**Recorded data:**
+-------+

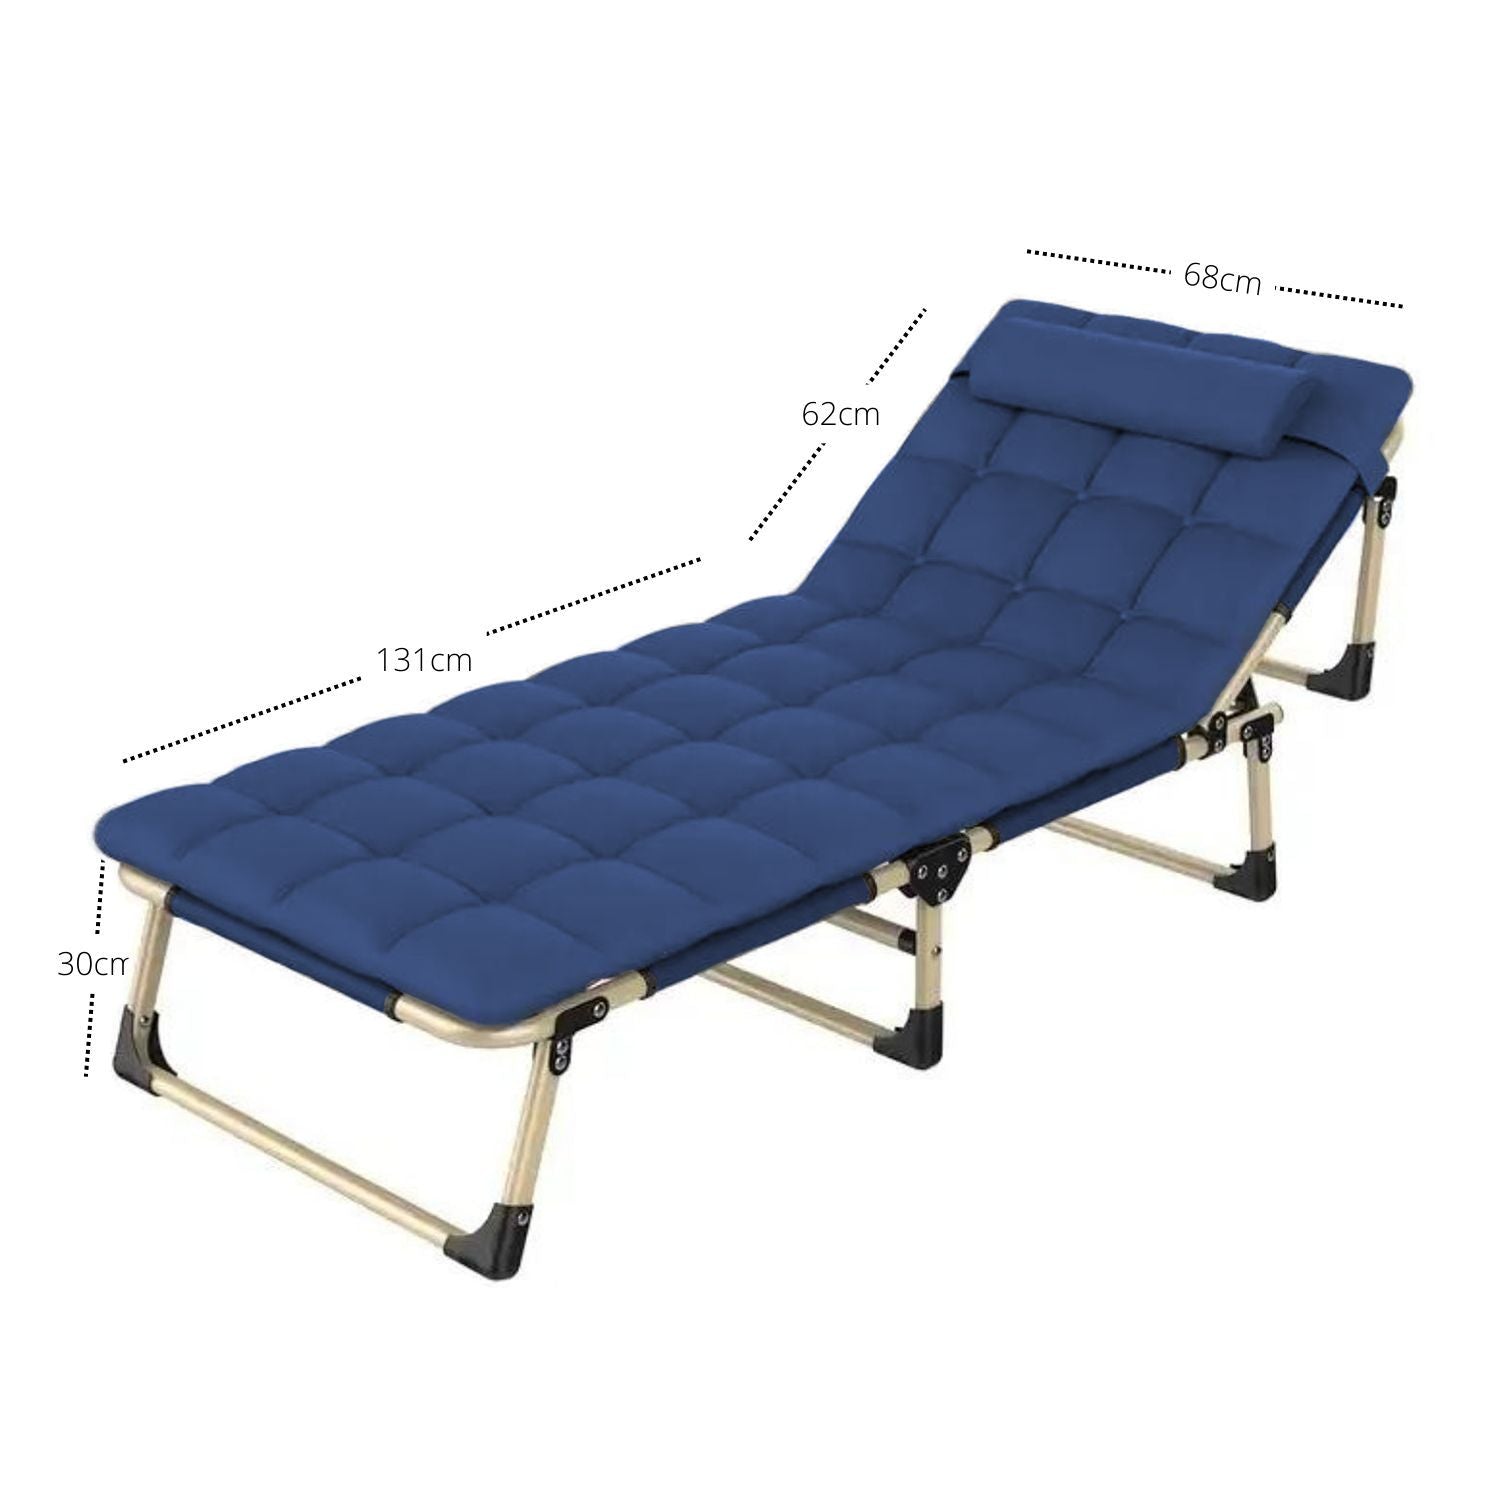 KILIROO Adjustable Portable Folding Bed with Mattress and Headrest (Blue)
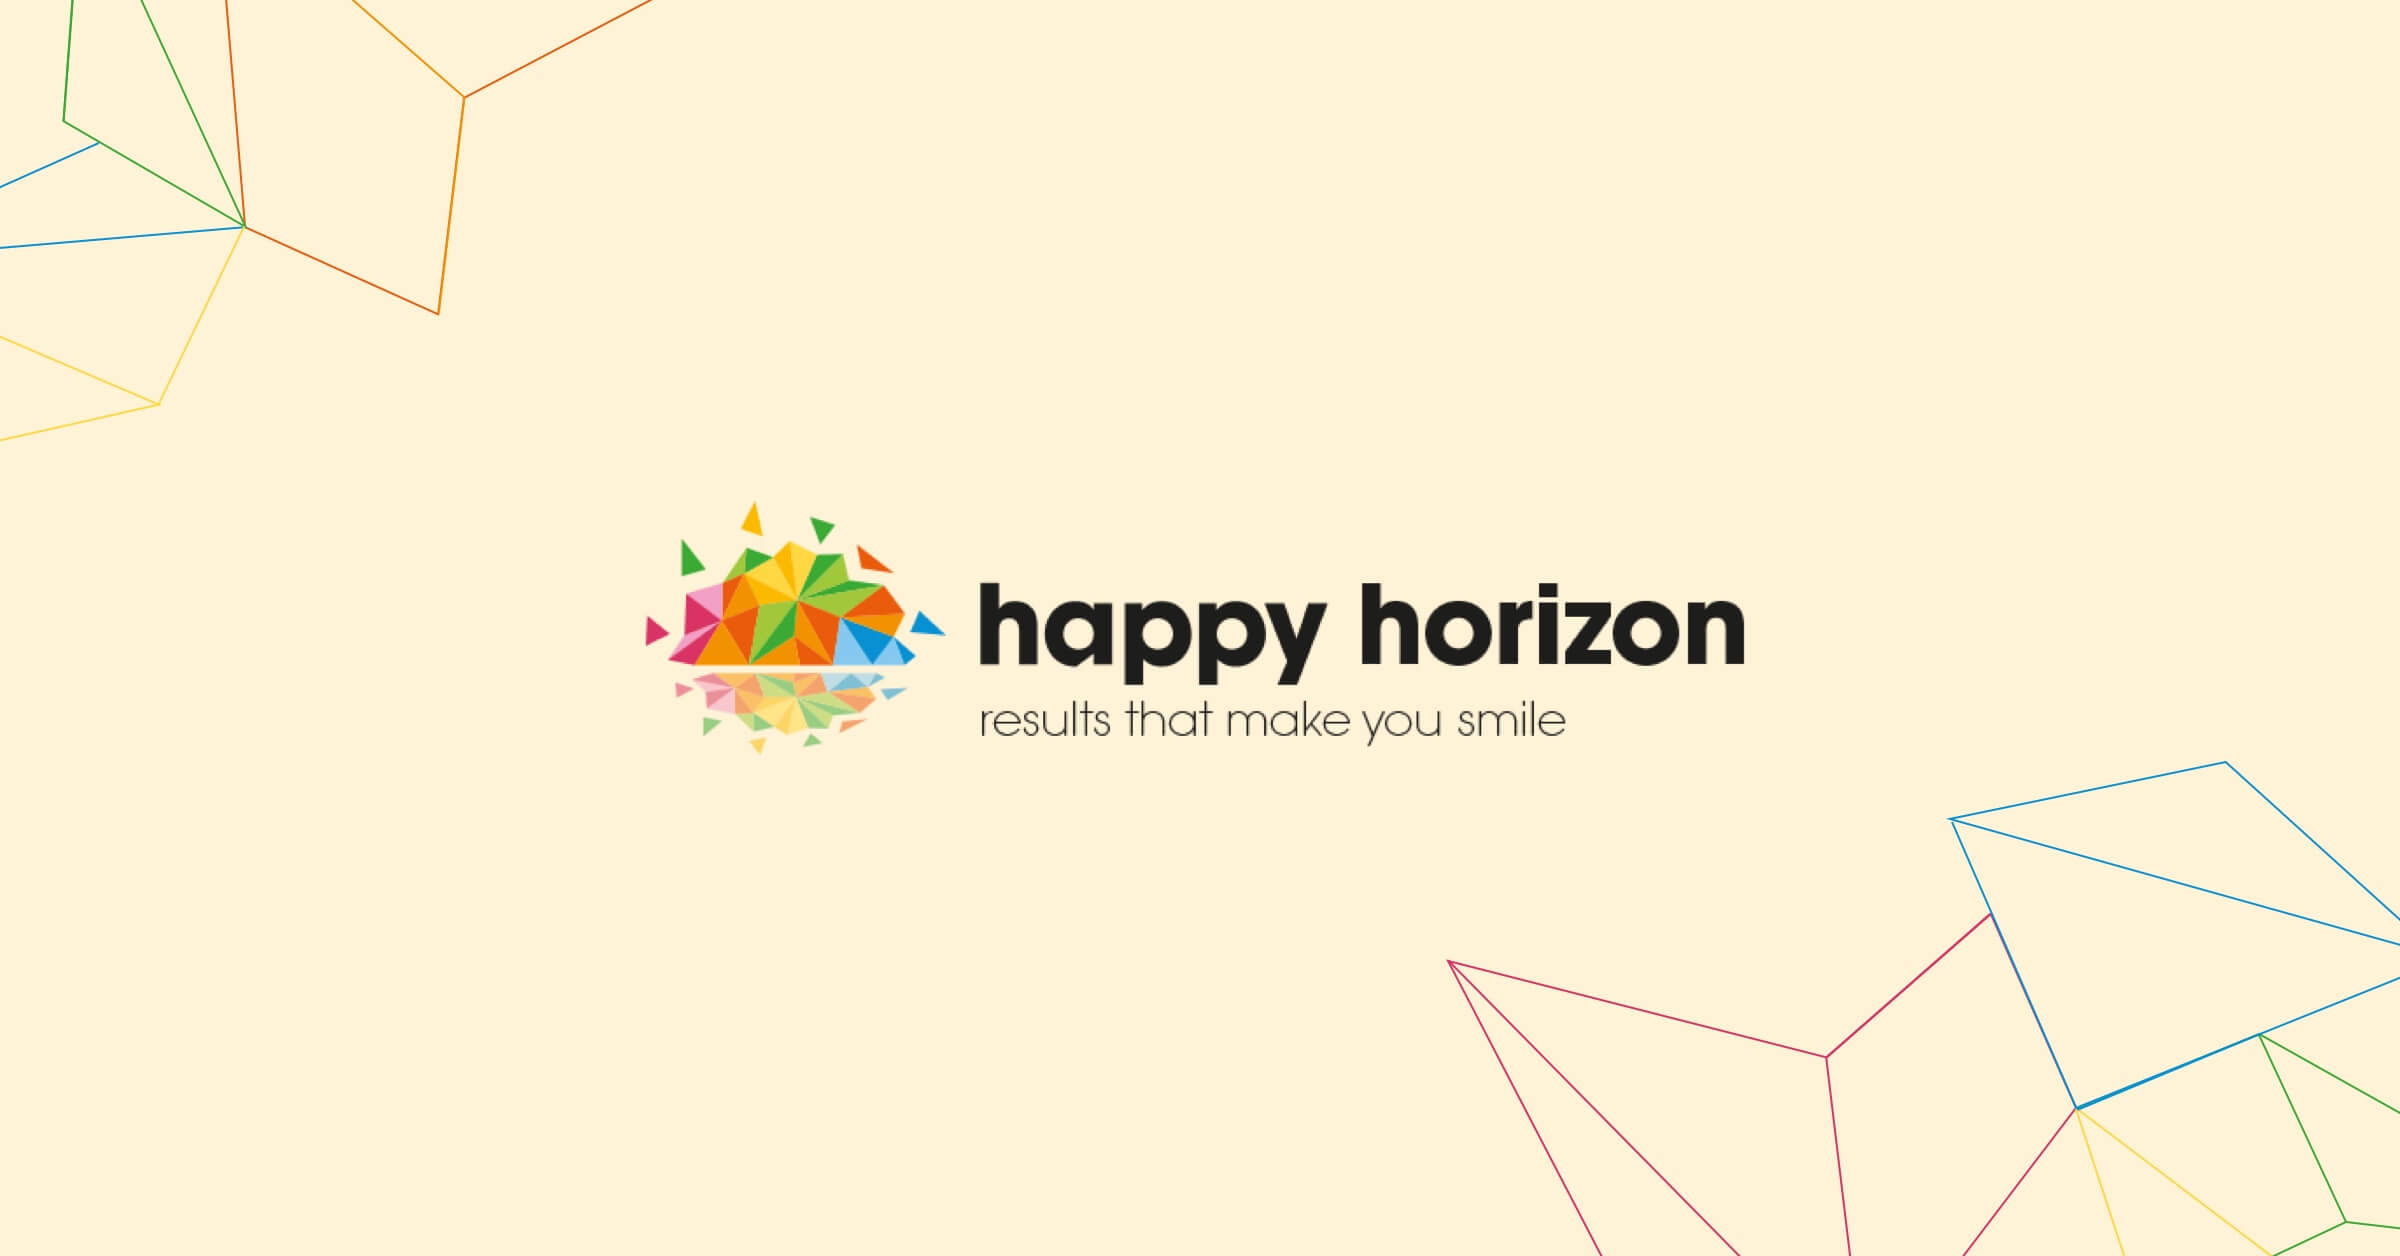 Happy Horizon uses Happeo for smooth mergers and acquisitions
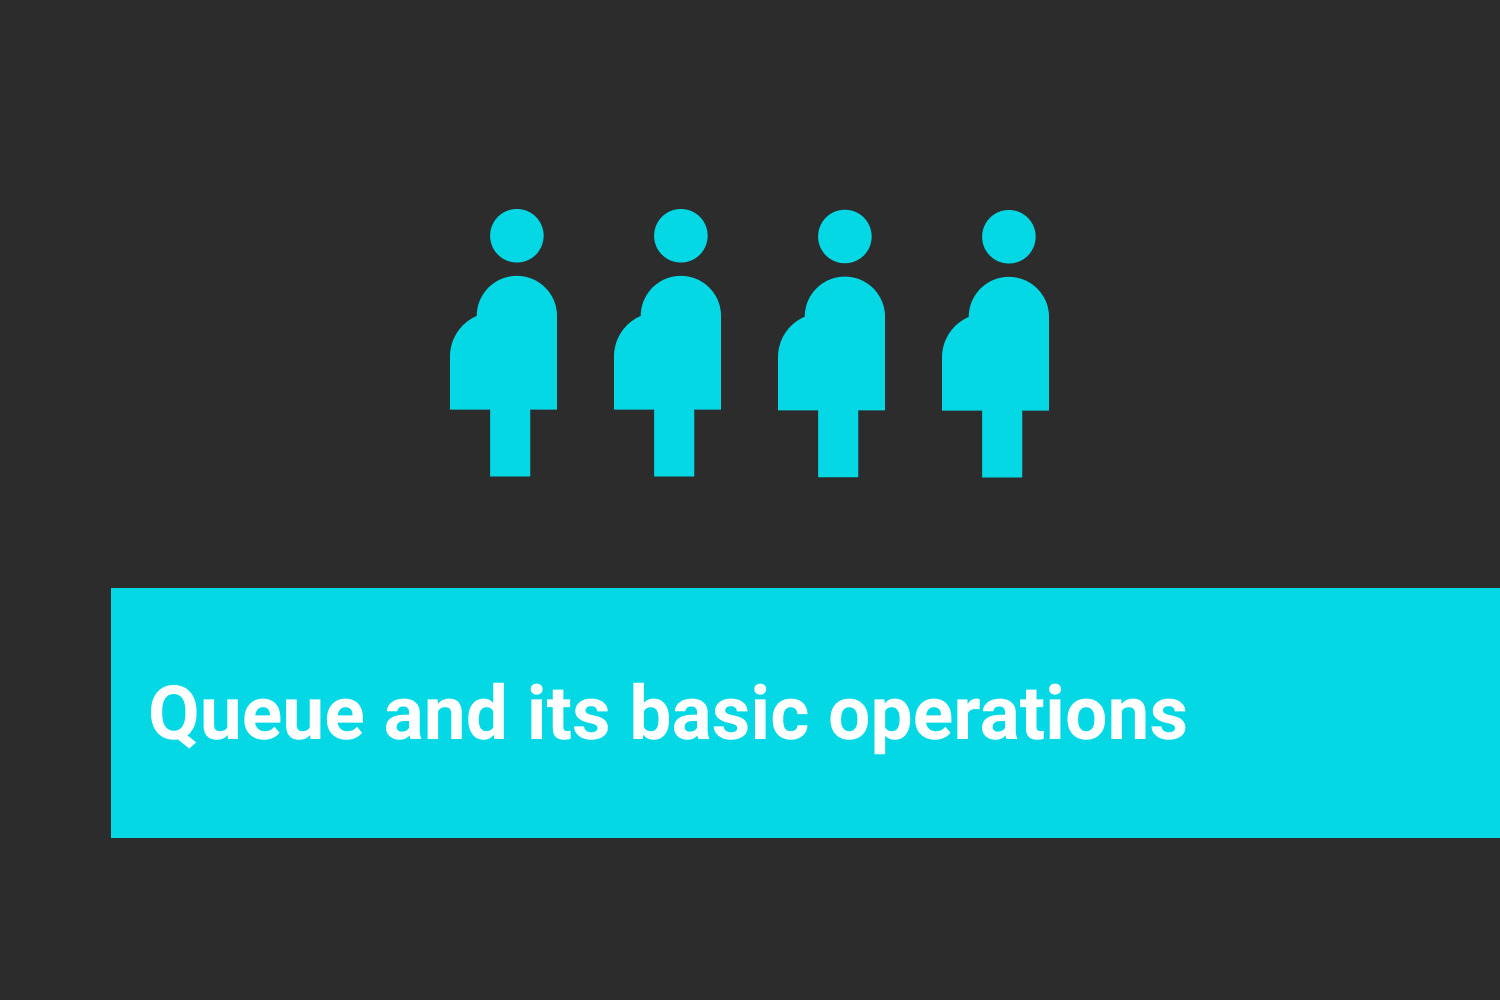 Queue and its basic operations
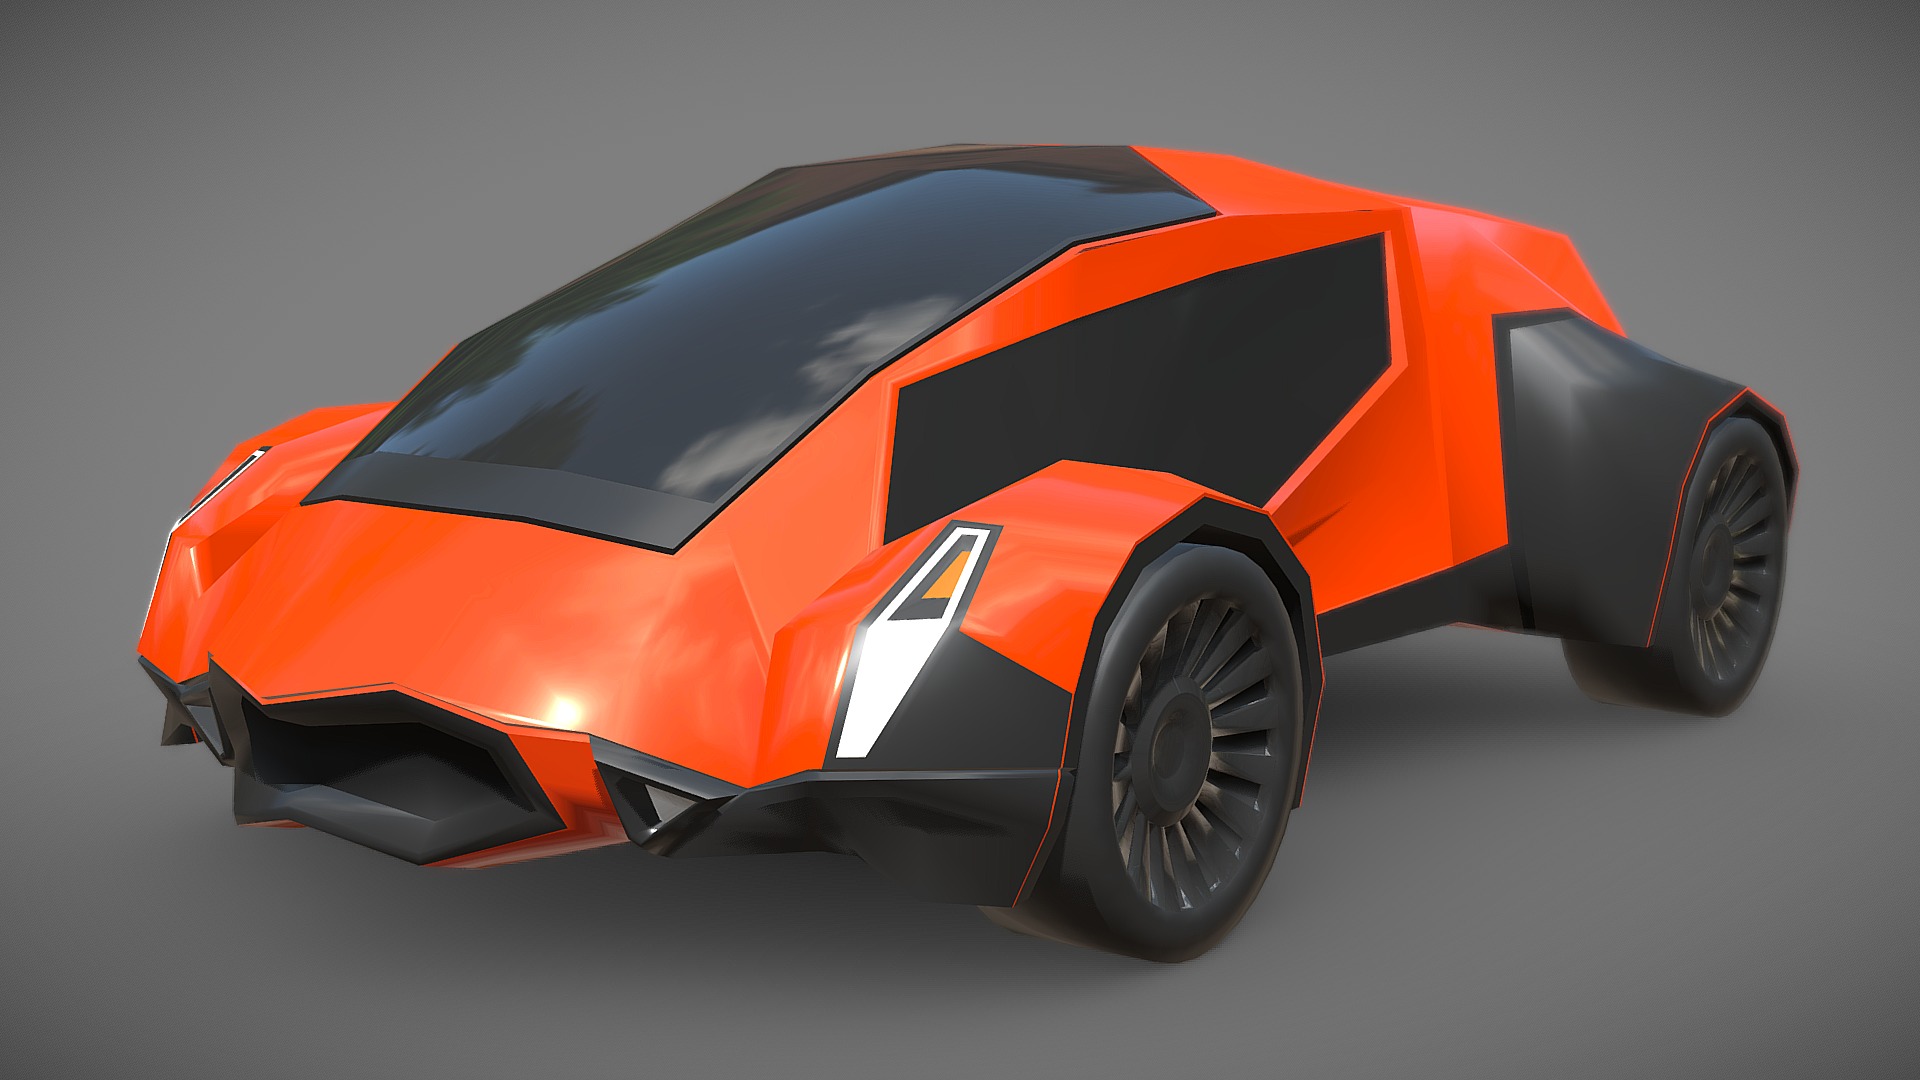 3D model Lowpoly futuristic vehicle - This is a 3D model of the Lowpoly futuristic vehicle. The 3D model is about a red and black sports car.

+-------+

**Required work:**
The answer must be an exact copy of the lines from the one with "Happy Horizon uses" through the final line above, both ends included, and nothing else; pictures stay out.

**The answer:**
 Happy Horizon uses Happeo for smooth mergers and acquisitions
 Queue and its basic operations
 3D model Lowpoly futuristic vehicle - This is a 3D model of the Lowpoly futuristic vehicle. The 3D model is about a red and black sports car.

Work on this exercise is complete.